Today is Mother’s day 2014. It is a reminder to me of my mother’s
passing in August 1998. I was her one and only son, her pride and joy. One of my
more memorable pictures of her (and me) was taken at my installation in Battle
Creek in late 1973. She was so happy for me to return to Michigan after living
out-of-state for twenty-eight years.
I left home to attend Anderson College in the summer of 1945. I did a short hitch in the Air Force, spent 3.5 years in Portland, and followed that with more than twenty years of pioneer pastoring. During those years she
saw very little of her son, except mini-visits during the annual pilgrimage to
Anderson, when my wife insisted that I visit my home.
My parents met when mother moved into town to board with
Uncle Dick and Aunt Addie. She and her mother [divorced] had moved from the
northern coast of the lower peninsula and returned to G’ma Knapp’s home area between Lacota and Grand Junction.
This 15-year-old Baptist girl moved into South Haven to attend high school.
There, she met dad’s sister Treva and
visited the fledgling congregation where dad was a Sunday School Teacher and
assistant to Sebastian Michels, and the rest is history.
They married in 1926
at Mother’s Superior Street home and she helped Dad support that little church
for the next 68 years. Some of my sparse memories of those early years suggest they
were hard years of adjustment for two young kids, neither of whom came into the
marriage very well prepared, both being products of broken marriages (accidental
death in dad’s case). Their relationship was a lifetime commitment yet it was
often one-sided and filled with stress, making it difficult for me and
the two little girls that followed me.
We were nurtured within the church family, but my unlettered father ruled by
the razor strap. He meant well but when he said jump, you dared ask no more than “How high?”
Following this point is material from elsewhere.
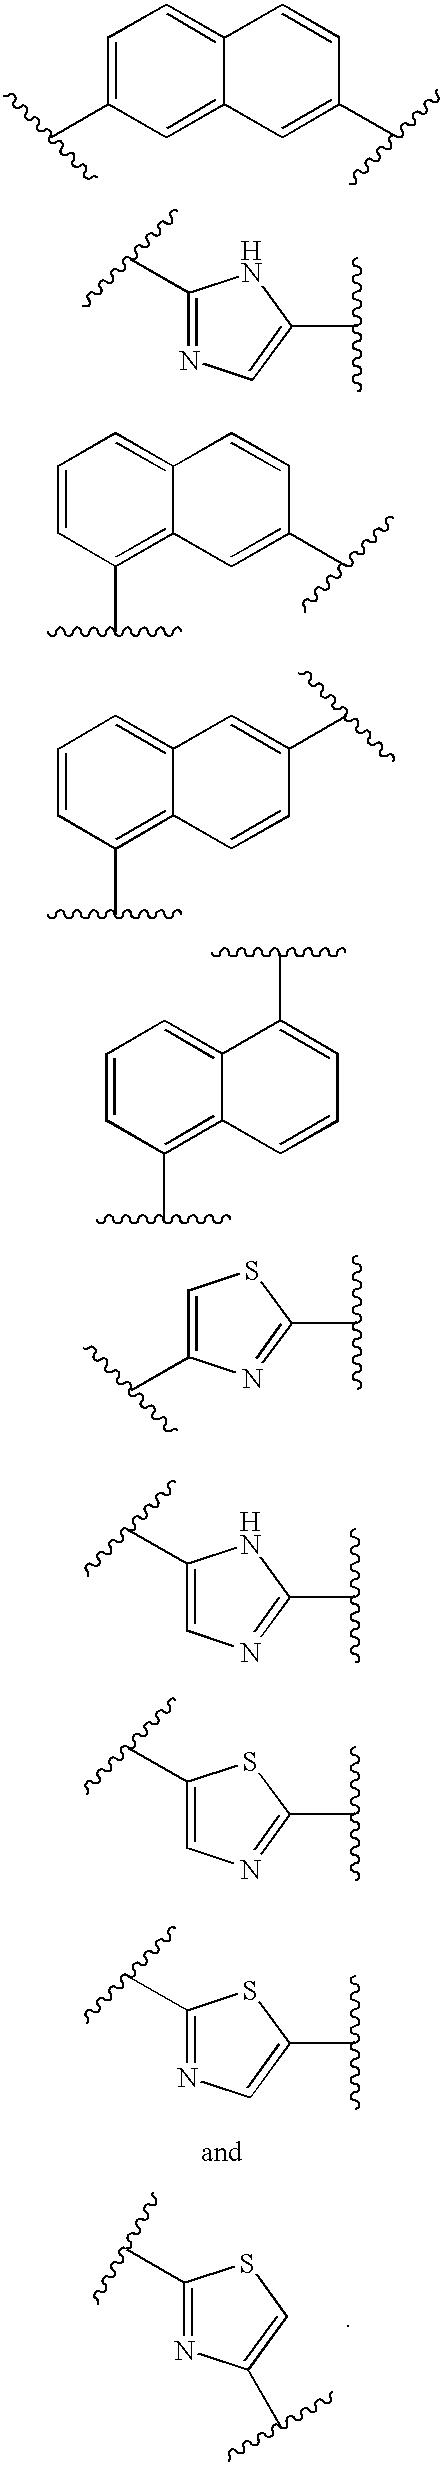 Figure US06498238-20021224-C00747

without regretting it. By the time I graduated from high school, I left for
college at Anderson without ever looking back.
As I look back now, I see much that I would not wish upon anyone else;
yet they were good years. Depression years! War years!
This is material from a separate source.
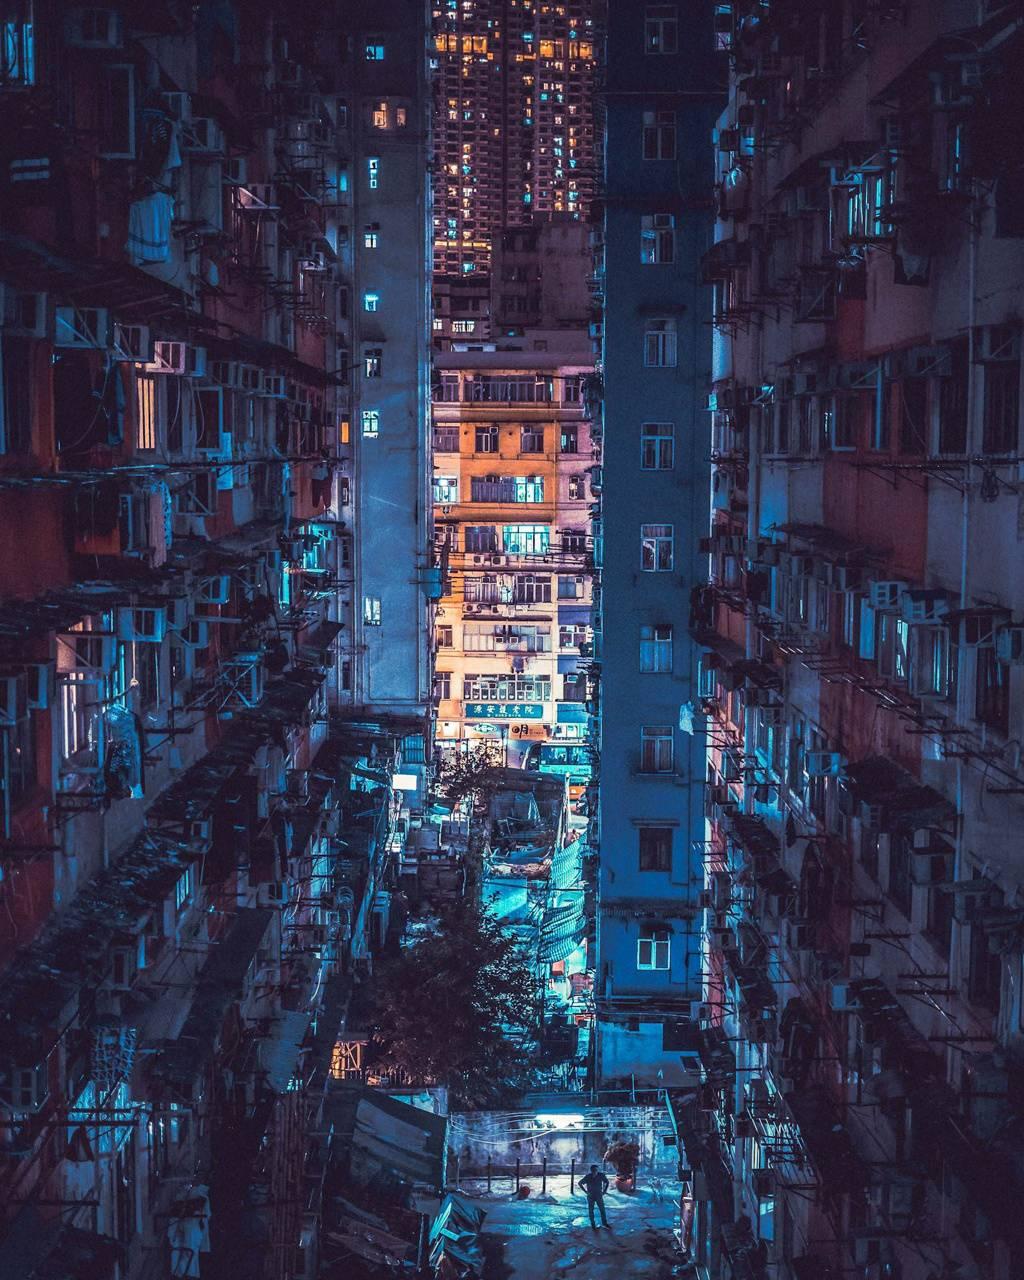 Timeless City

In spite of whatever difficulties we had as a family, we
were family. We were a God-respecting family that was blessed to be in church
every time the doors opened and blessed to be part of the Saints gathering
at Grand Junction. From the moment of my conception, those were very formative
years in helping me determine my call to ministry. The church was the center of
my life from my very conception. It was not always so, but with the
accumulation of years I look back and see that dad and mother were products of
their time and I rejoice that they did as well as they did with what they could
accumulate, and with what they had to bring into their marriage.
In time I came to understand how much of a handful I
was to raise. The only model dad ever had was the sick and elderly old preacher
that mentored him in his declining years--whose life I now cherish as a “long
shadow” cast upon my life back in mid-twenties. I rejoice for the influence Saint
Sebastian wielded in the life of my father while still an unmarried teen.
Yet, it was my mother who imprinted me; first with her family resemblance, then with her quiet, shy
and reserved personality that could hide in a quiet corner and read a book
while the world wanders past. If it could be done, she would avoid conflict,
but she was fearless of work. She was faithful and persevering. She was
sufficiently proud of my becoming a Pastor that she took special interest in
mothering young pastoral couples. Bill and Effie Gibb came to America from
Scotland via Gulf-Coast Bible College and they never forgot “Ruthie” and how
she mothered them and looked after their special needs. She loved them like she loved me.
Many were the years when I took home quarts of canned peaches,
especially prepared for me by my mother. When she took up baking bread, I again
became the beneficiary. Many such blessings became happy memories when she
completed her eternal commencement in August 1998; yet she found otherways to enhance
my research when I was preparing to write my first small book in 2000, Saint Sebastian – The Long Shadow.
I am especially indebted to her former pastor, Harold Davis
for two walnut plaques he presented her during his years in South Haven. In
1993 she received recognition as the first honoree of their VISIONARY HALL OF
FAME, First Church of God, South Haven, MI. In 1995 she received MOTHER OF THE
YEAR honors. Many lessons she quietly observed from my ministry elsewhere, she
translated into support of her pastoral family at the home church.
She made a
difference in her little world. Based on numerous conversations with my friend Bob
Bodfish of that congregation, I know Bob and his wife would concur with a hearty “Amen!” I can only hope that I have made as much difference in my world with what I have, as she did in her world with what she had.